Cingulate Retail Buzz Surges As ADHD Drug Shows Phase 3 Pediatric Efficacy

Retail chatter around Cingulate spiked Tuesday after Phase 3 data confirmed that its lead candidate, CTx-1301, significantly improved ADHD symptoms in pediatric patients within five weeks of treatment.

At Tuesday's close, Cingulate shares fell 4.99% to $3.62 and slipped further 1.66% to $3.56 in after-hours trading.

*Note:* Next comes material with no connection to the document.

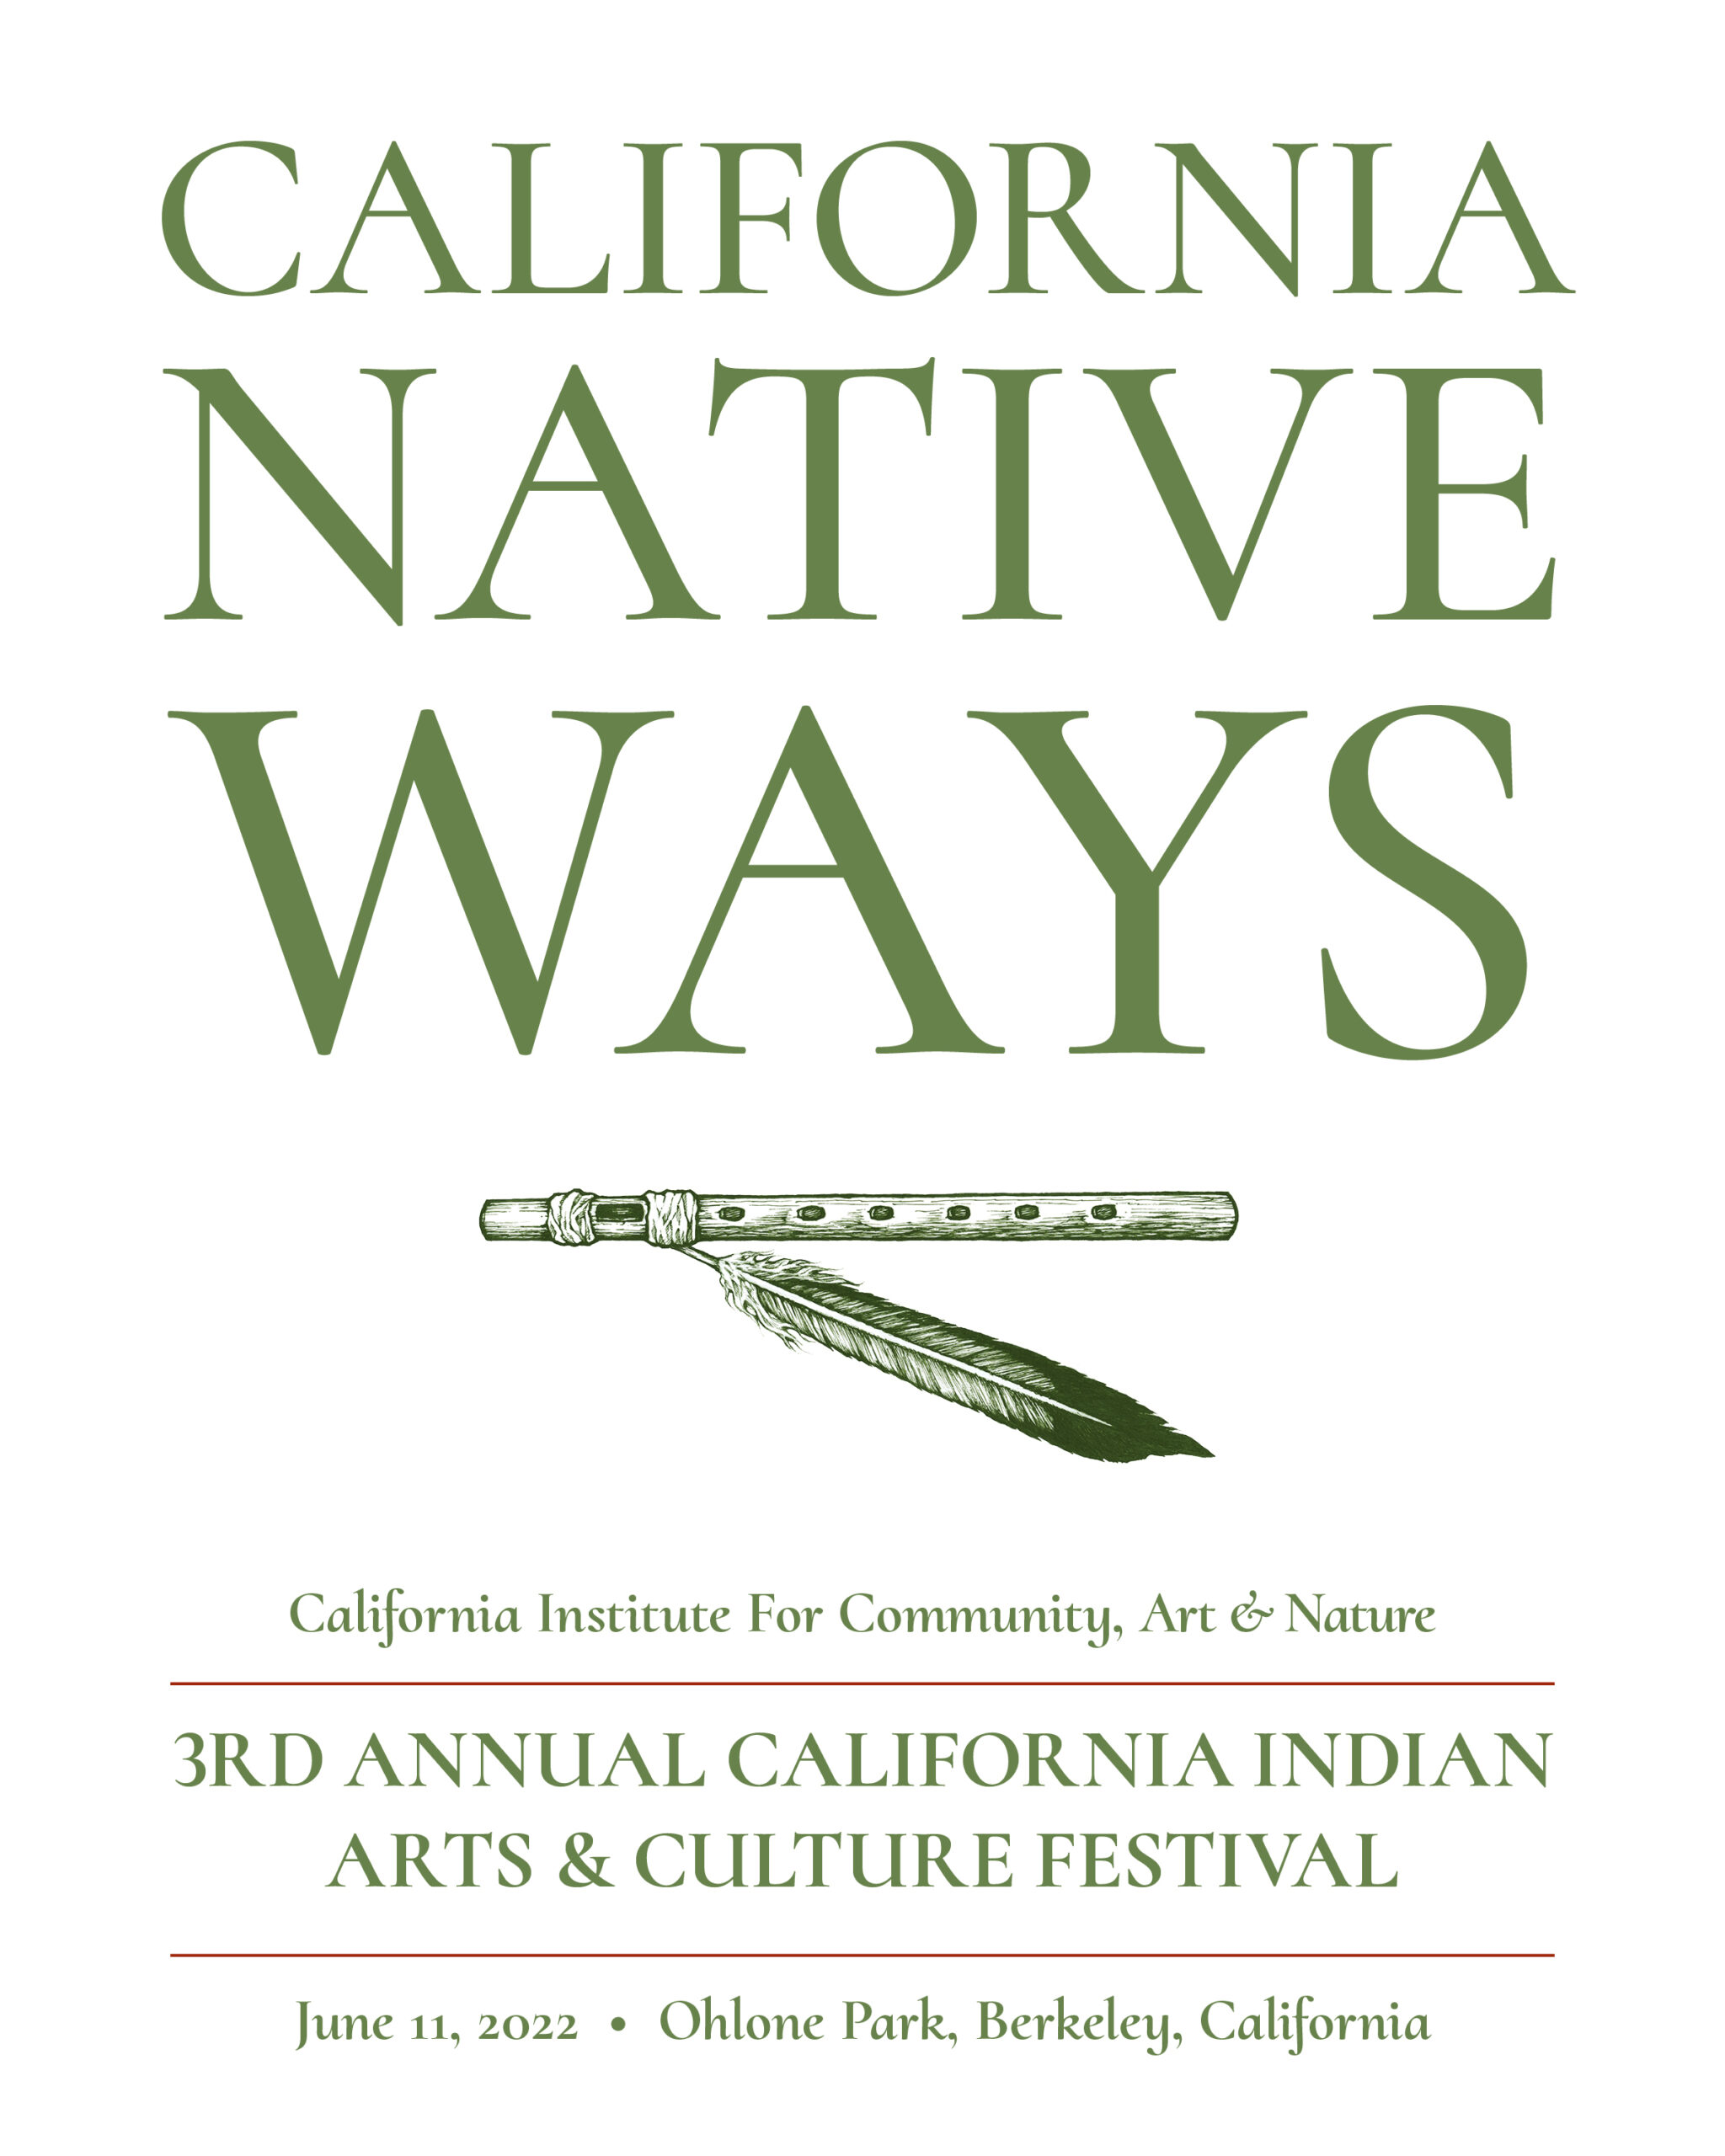 California Native Ways - 3rd Annual California Indian Arts & Culture Festival - June 11th, Ohlone Park, Berkeley, California
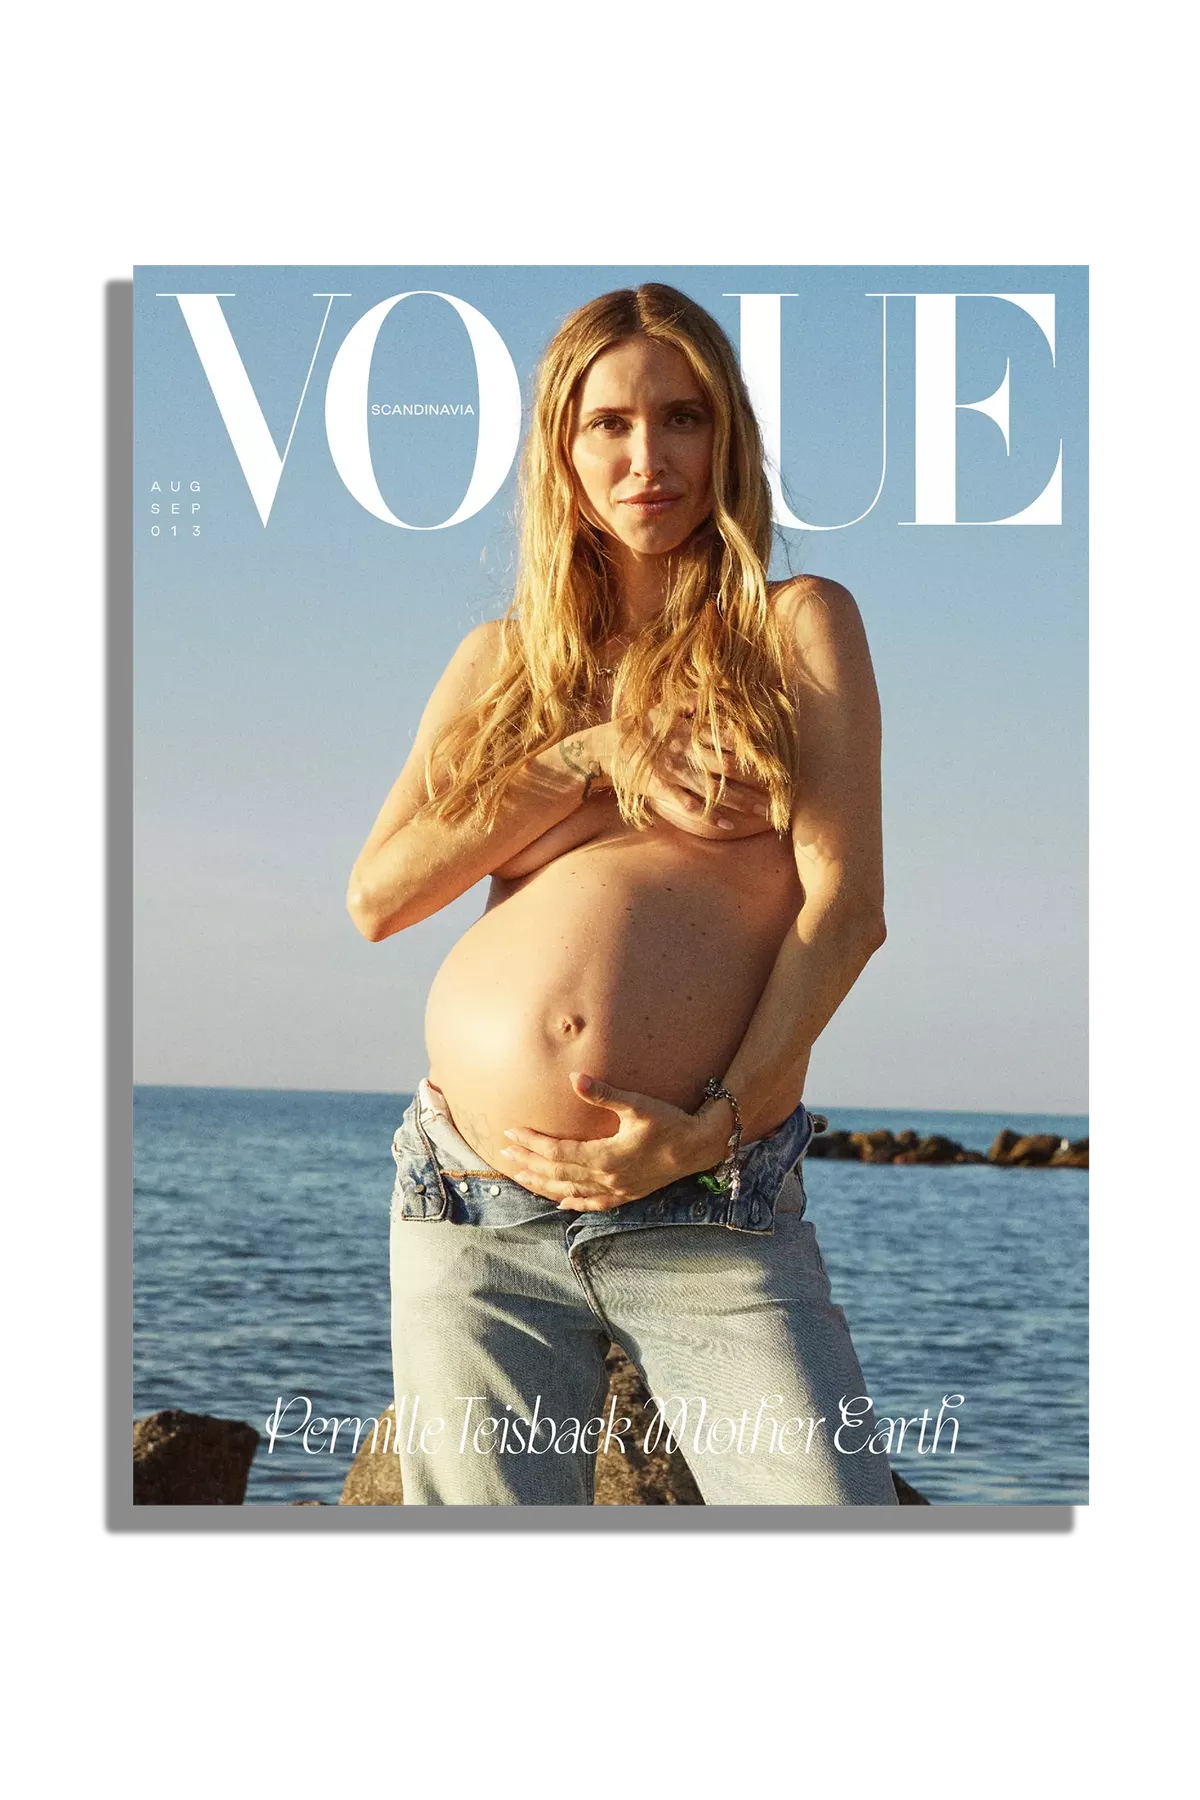 Vogue Scandinavia Magazine — The August/September Issue

According to the Kansas-based biotech, children who took CTx-1301 at doses of 18.75 mg, 25 mg, and 37.5 mg experienced significant reductions in their ADHD-RS-5 scores.

Dr. Raul Silva, chief science officer at Cingulate, revealed the possibility of CTx-1301 becoming a primary treatment option for ADHD after demonstrating effect sizes between 0.737 and 1.185, which surpass the industry standard of 0.73 for long-duration stimulants.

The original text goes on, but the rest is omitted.